Speech is linked to property rights law because speech and property are both protected by the Constitution in both the 1st and 5th amendment respectively.  Speech and property fall under “persons” in the constitution probably because of the founding fathers’ experience with the British: they determined that one of our freedoms was the right to own property.  About 150 years later we find that this idea of private property collides with the Universal Declaration of Human Rights (1948) which says that “Everyone has the right to freedom of opinion and expression; this right includes freedom to hold opinions without interference and to seek, receive and impart information and ideas through any media and regardless of frontiers.” [4]

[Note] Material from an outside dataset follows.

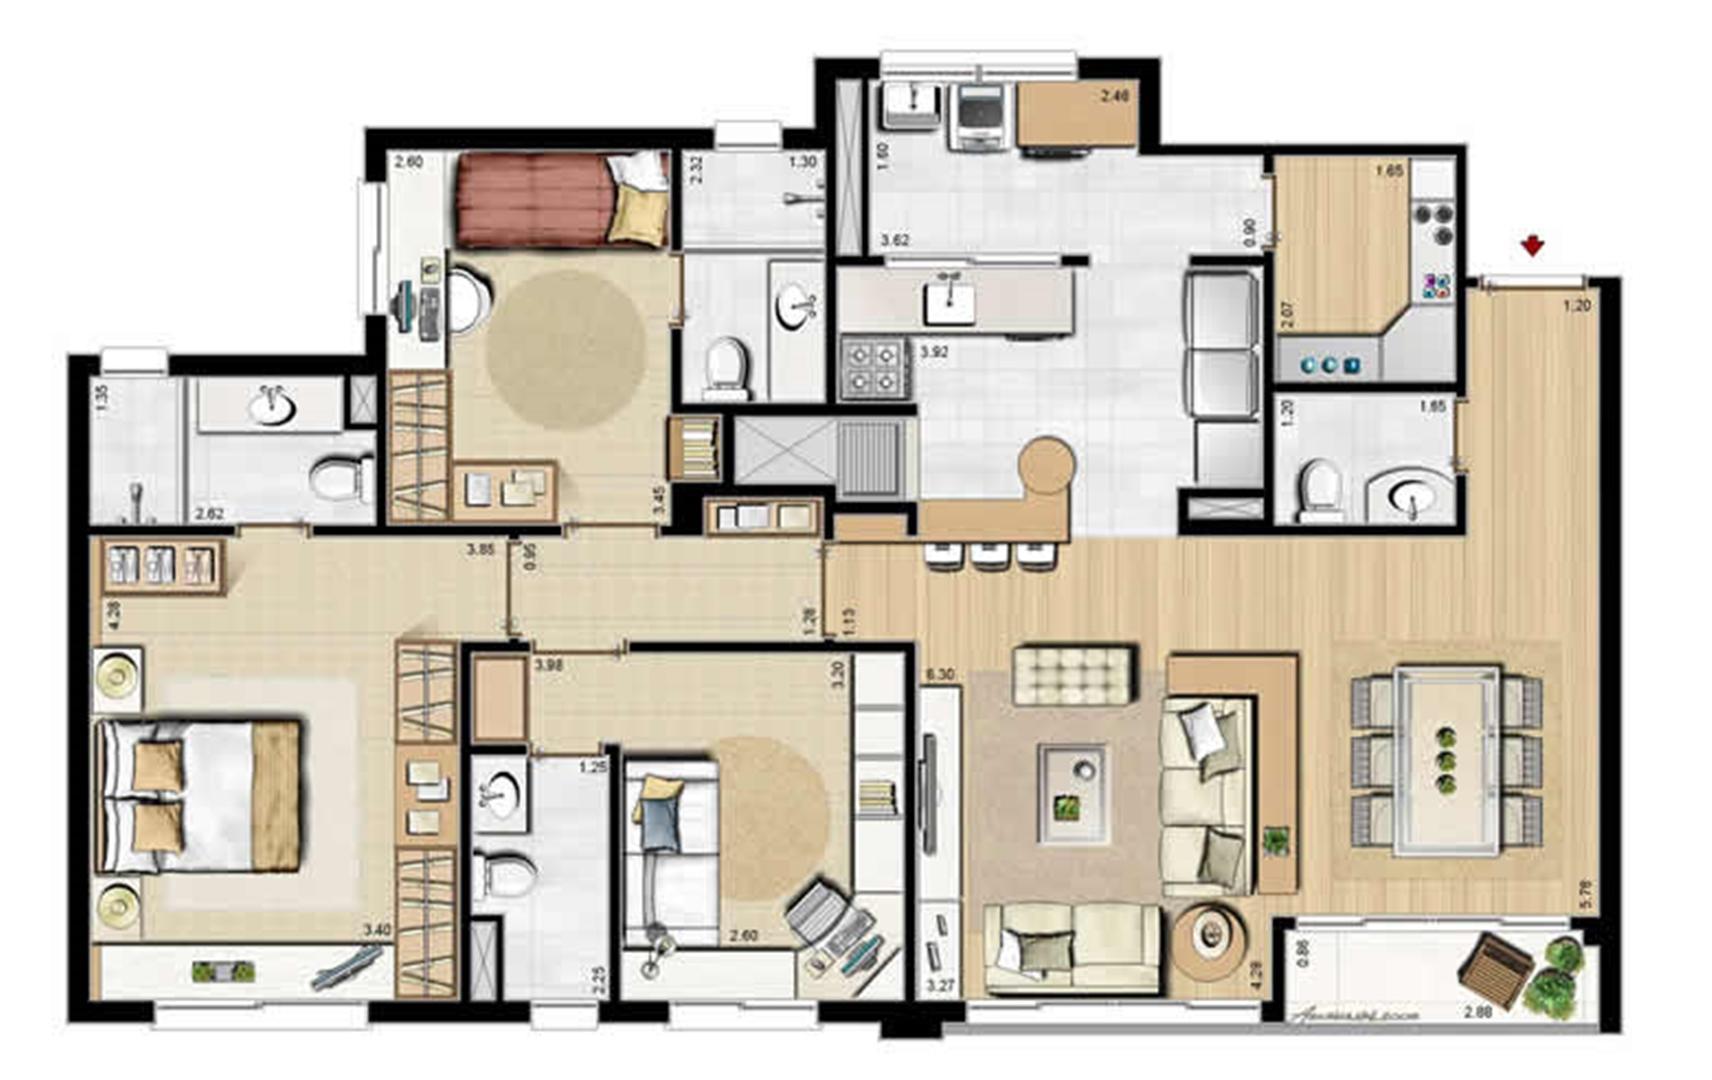 Opção 2 suítes, gabinete e despensa - 113 m² privativos e 175 m² área total | Villa Mimosa Vita Insolaratta – Apartamento no  Centro - Canoas - Rio Grande do Sul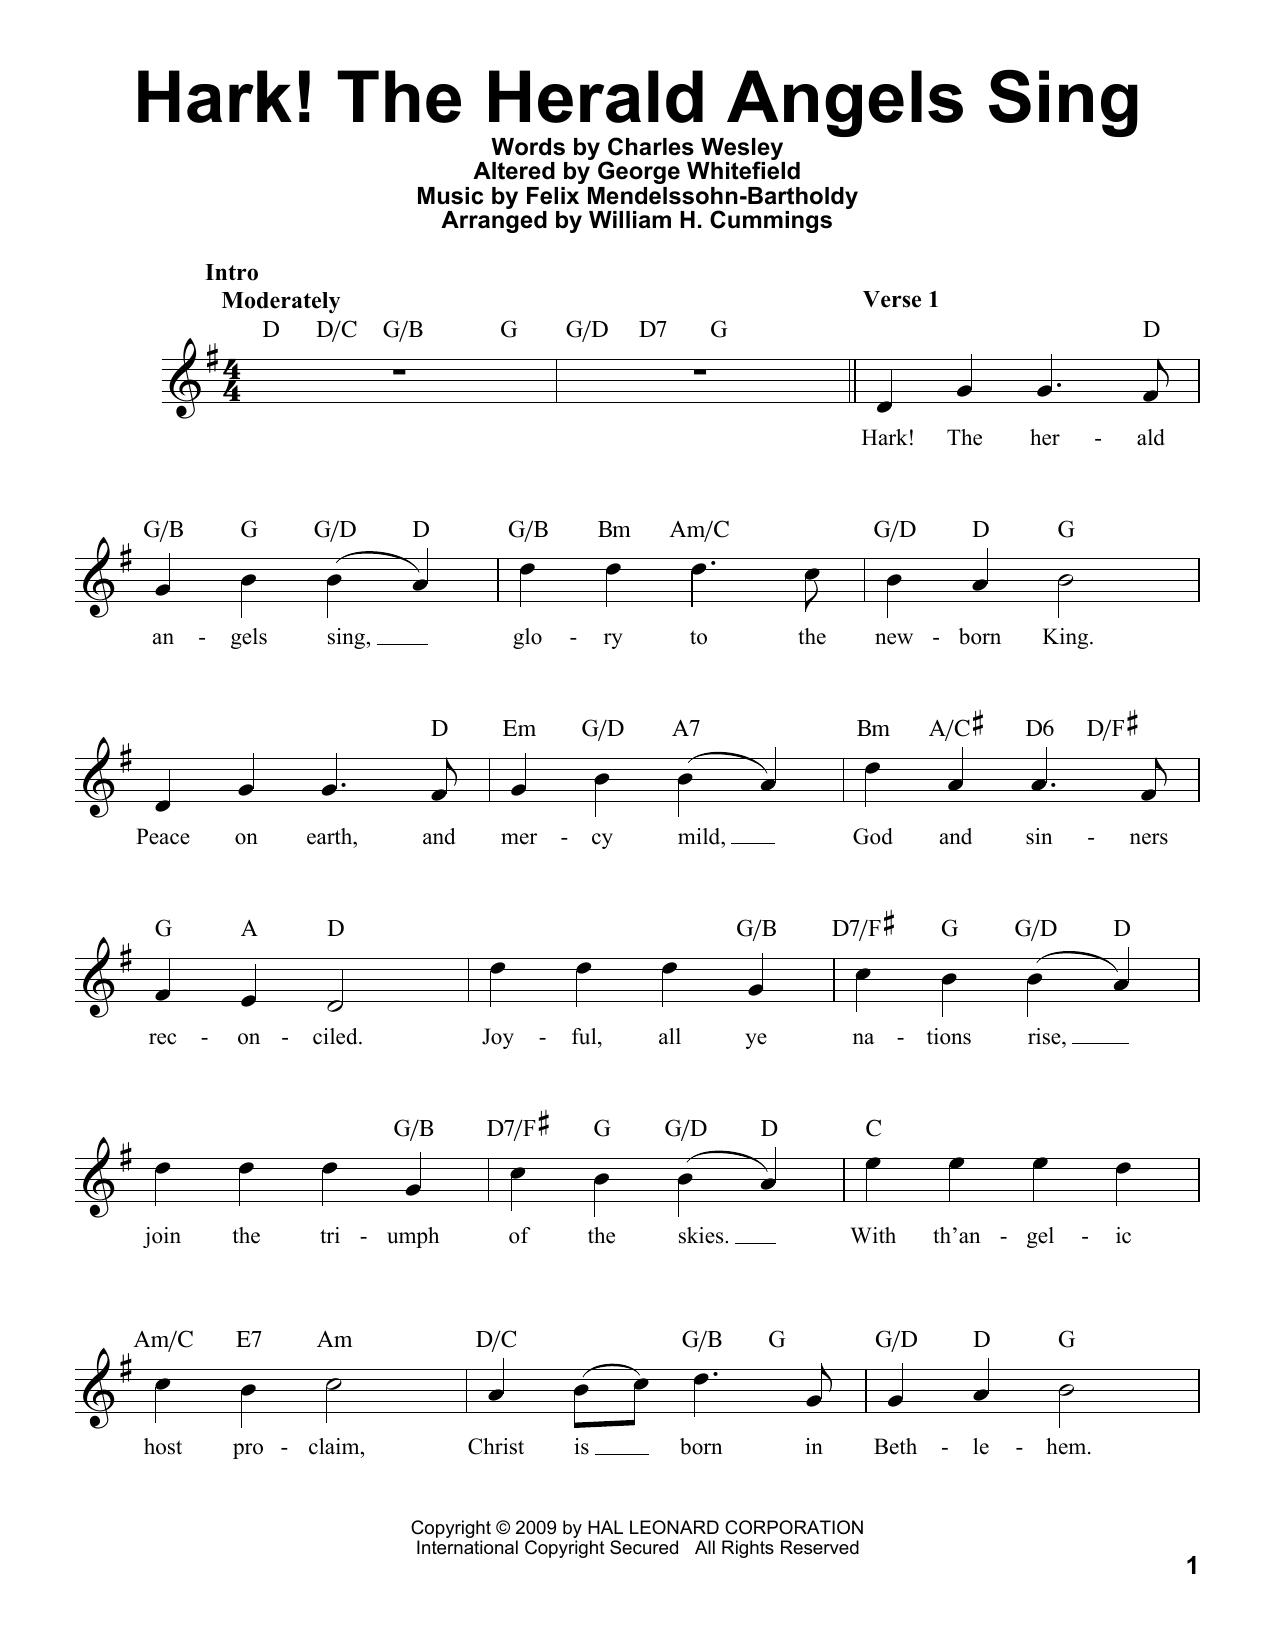 Hark! The Herald Angels Sing Sheet Music

In the American Constitution we find such frontiers (or limits) to speech, among those is property. Is this a case where a capitalist doctrine conflicts with a democratic one?  There is no right to use one’s speech to prevent the speech of others.  The only location that such a conflict can occur is between the right to free speech and the right to own property.   We can see that the issue of free speech is actually determined by the public/private debate in the Constitution where the property wherein the individual acts can or cannot be regulated depending upon whether it’s public or private. Does a person have an inherent right to free speech?  Actually, the Constitution gives this right to its citizens but finds it necessary to regulate it, not just to protect it.  In general, a person’s right to free speech is not inherent but given in law.  And since governments pass laws, it can protect or regulate speech as a right in situations over which it has jurisdiction. It appears that this regulation and protection can only happen in the public sphere, the government has no jurisdiction over the private sphere and can neither regulate or protect speech there.  But jurisdiction is a matter under some debate, making the public/private distinction messier. (A good example of this is found in lawsuits to protect academic freedom)[5] In most cases, the law tries to determine who the owner of that speech is and whether it is a public or private location (a company, club, institution, organization, etc.). An expression of an individual is not just speech but a matter of ownership; that expression may be the property of the expresser or an institution that, for example, she may work for.  The law tries to determine whether this ownership is public or private in order to determine jurisdiction.  In this way the public/private divide plays a major role in fuzzying the distinction between individual speech and property (the conflation of speech rights and property rights).